I have a very large image dataset (>50G, single images in a folder) for training, to make loading of images more efficient, I firstly load parts of the images onto RAM and then send small batches to GPU for training.
I want to further speed up the data preparation process before feeding the images to the GPU and was thinking about multi-processing. But I'm not sure how should I do it, any ideas?
For speed I would advise to used HDF5 or LMDB:
I have successfully used ml-pyxis for creating deep learning datasets using LMDBs.
It allows to create binary blobs (LMDB) and they can be read quite fast.
The link above comes with some simple examples on how to create and read the data. Including python generators/ iteratos
For multi-processing:
I personally work with Keras, and by using a python generator it is possible train with mutiple-processing for data using the fit_generator method.

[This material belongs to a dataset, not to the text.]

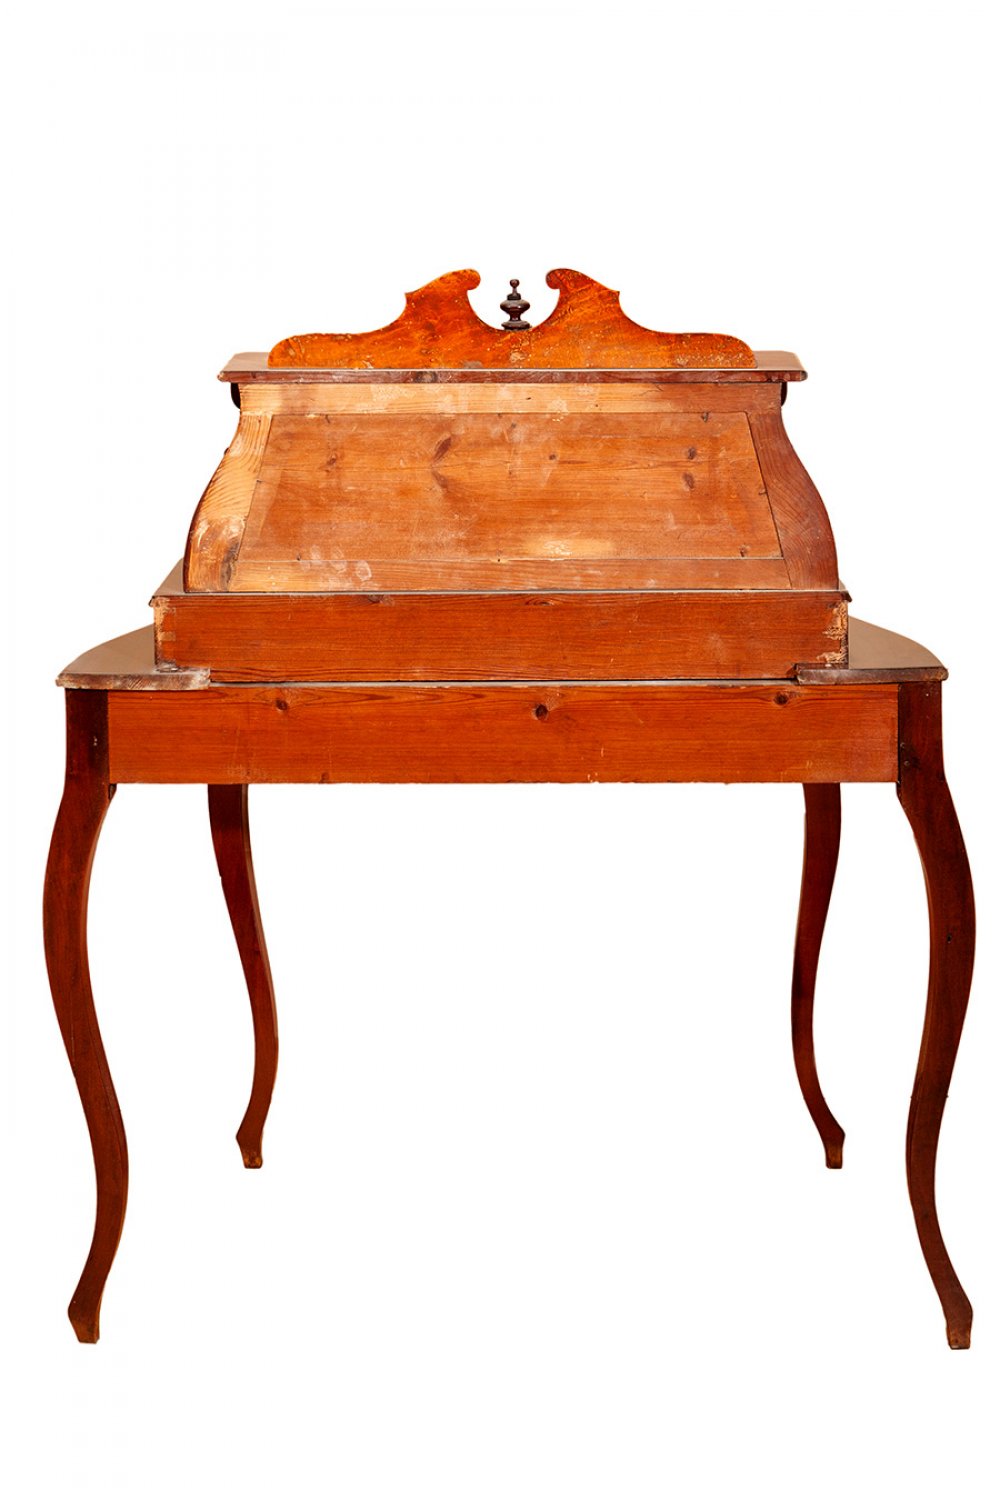 Fernandino style writing table.Walnut wood.Measurements: 79 x 44 x 96 cm.Fernandino style writing - Image 2 of 4

fit_generator(self, generator, samples_per_epoch,
nb_epoch, verbose=1, callbacks=[],
validation_data=None, nb_val_samples=None,
class_weight={}, max_q_size=10, nb_worker=1,
pickle_safe=False)
Fits the model on data generated batch-by-batch by a Python generator. The generator is run in parallel to the model, for efficiency. For instance, this allows you to do real-time data augmentation on images on CPU in parallel to training your model on GPU. You can find the source code here , and the documentation here.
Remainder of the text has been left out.